Kildall was not some ignorant yokel from the backwoods. Besides, titans of the computer industry do deals with yokels all the time.
In fact, Kildall did later make a deal with IBM to sell an IBM branded CPM/86 for the PC. Consumers had a choice between IBM PC-DOS, and IBM CPM/86. The former was $40, the latter $240. People (like me) chose the cheaper one, because nobody could explain what was better about CPM/86. And the rest is history.
You are absolutely right about speculation. But so is the assumption that it all did not matter at all and the WIndows dominance would have happened in just the same way had Gates been a farmboy (I'm exaggerating a bit, you never claimed that). But in dubio pro reo is not applicable, since nobody is accused: it's not a crime to get along better with some group than someone else.
Maybe that is the misunderstanding that kept this discussion alive for so long: I'm not trying to privilege-shame anyone, just questioning the claim that it did not make a difference at all. (Actually I think that privilege-shaming is a really stupid concept, it won't ever achieve more than make its targets bitter or cynical, if it has an effect at all. It's not wrong to take an opportunity, just don't force it through improper means)
Kildall was not some ignorant yokel from the backwoods.

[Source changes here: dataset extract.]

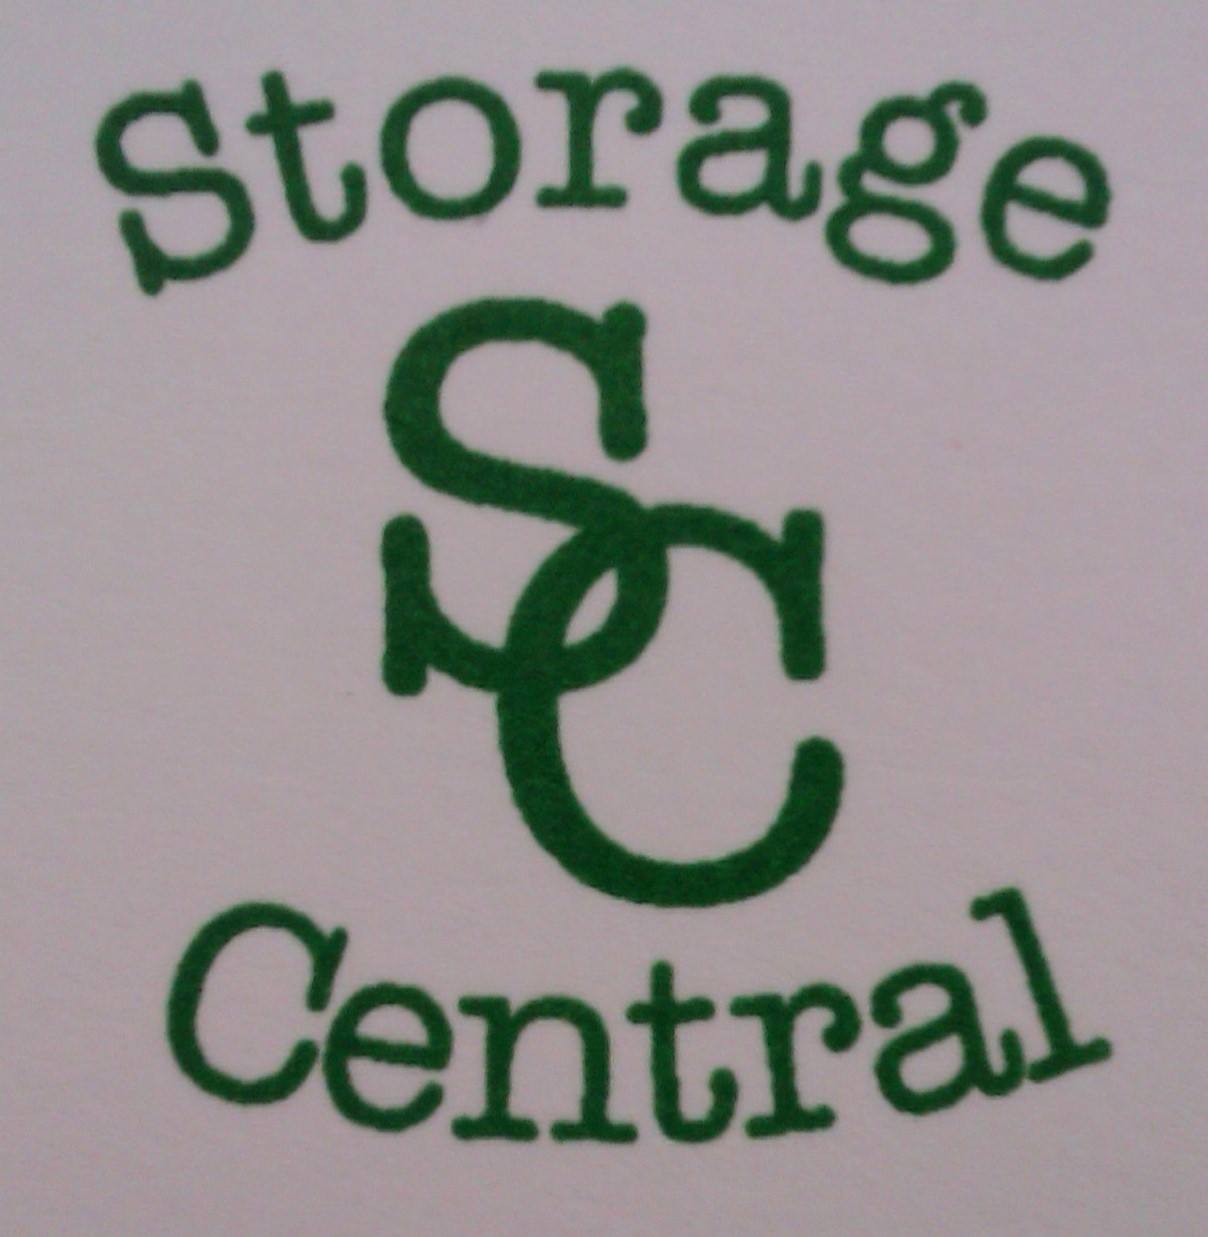 Storage Central

Besides, titans of the computer industry do deals with yokels all the time.
In fact, Kildall did later make a deal with IBM to sell an IBM branded CPM/86 for the PC. Consumers had a choice between IBM PC-DOS, and IBM CPM/86. The former was $40, the latter $240. People (like me) chose the cheaper one, because nobody could explain what was better about CPM/86. And the rest is history.